Mr. BRANDT: Well, it was an old quest that had been going on for 300 years, or nearly 300 years by that time. And the public was very enthusiastic that it was being renewed after the Napoleonic wars. The country was feeling good about itself. This had been a historic mission that the English had assigned themselves to do many centuries before. They felt it was their time and that nothing could stop them.

RAZ: There were a series of these expeditions, and about at least 15 of them until 1845 when Britain’s admiralty decides to sponsor a new expedition, again, to find the Northwest Passage. John Franklin is tapped to lead this expedition but he was the last choice, right?

Mr. BRANDT: He was the last choice. He was 59 years old. He had no business doing this again but he was trying to save his reputation.

RAZ: I mean, he had already been on a few of these expeditions before.

Mr. BRANDT: Right.

RAZ: And he wasn’t sort of a hero out of central casting. He was described as, quote, “looking something like a stuffed bear.”
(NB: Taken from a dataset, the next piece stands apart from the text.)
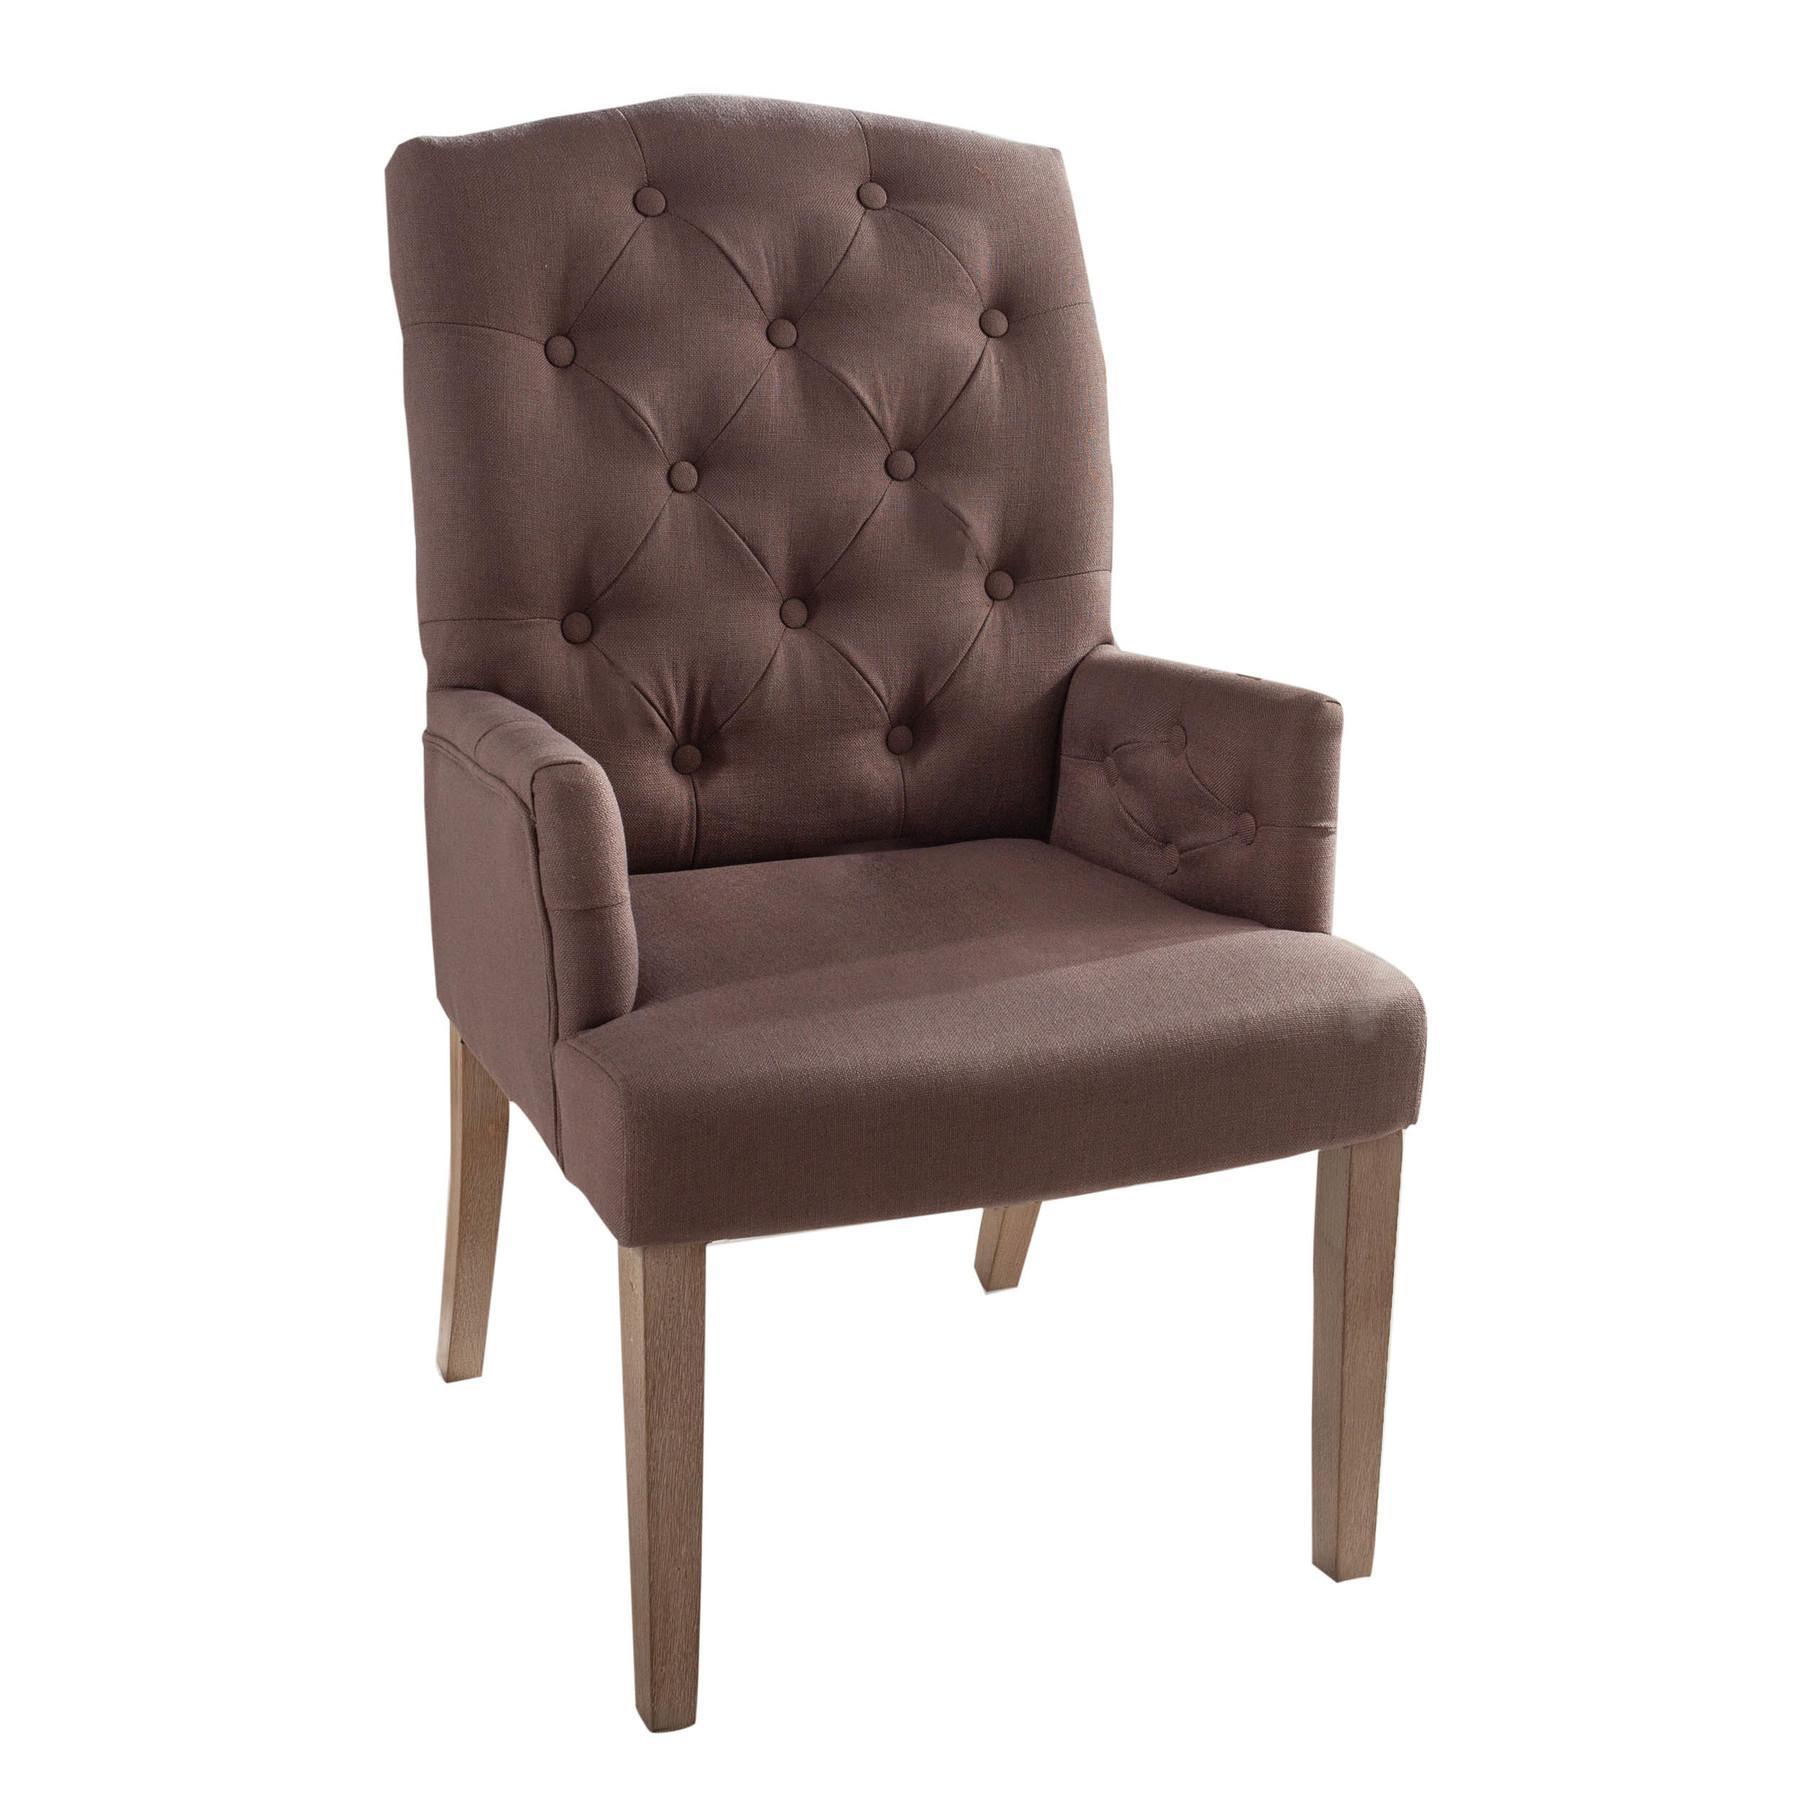 Stuhl Mit Armlehne Landhausstil
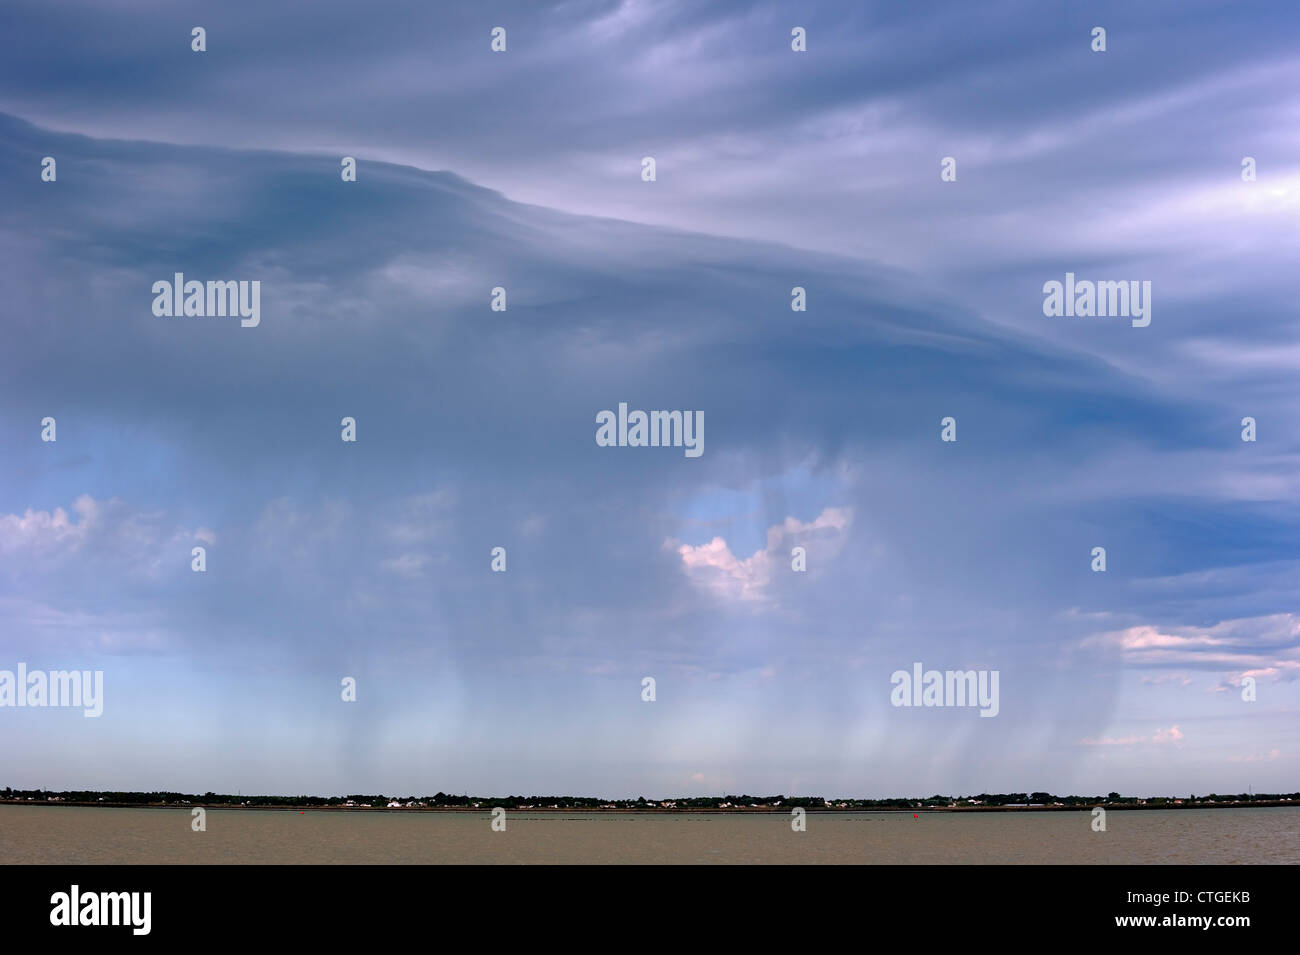 Cumulonimbus praecipitatio cloud causing rainfall over sea - Stock Image

Mr. BRANDT: Yes. He was pudgy. He said if he had to walk around on the ice, he probably wasn’t the person to do it. But all he had to do was stay on ship and direct things.

RAZ: So, the journey starts out okay but what happens sort of a few weeks in?

Mr. BRANDT: They left Baffin Bay in August, I think, of 1845. They headed into Lancaster Sound and nobody saw them after that. Not a word came out. They disappeared for three years. And in 1848, the admiral team got worried and said we got to look for them and find them. Eleven years they searched for them.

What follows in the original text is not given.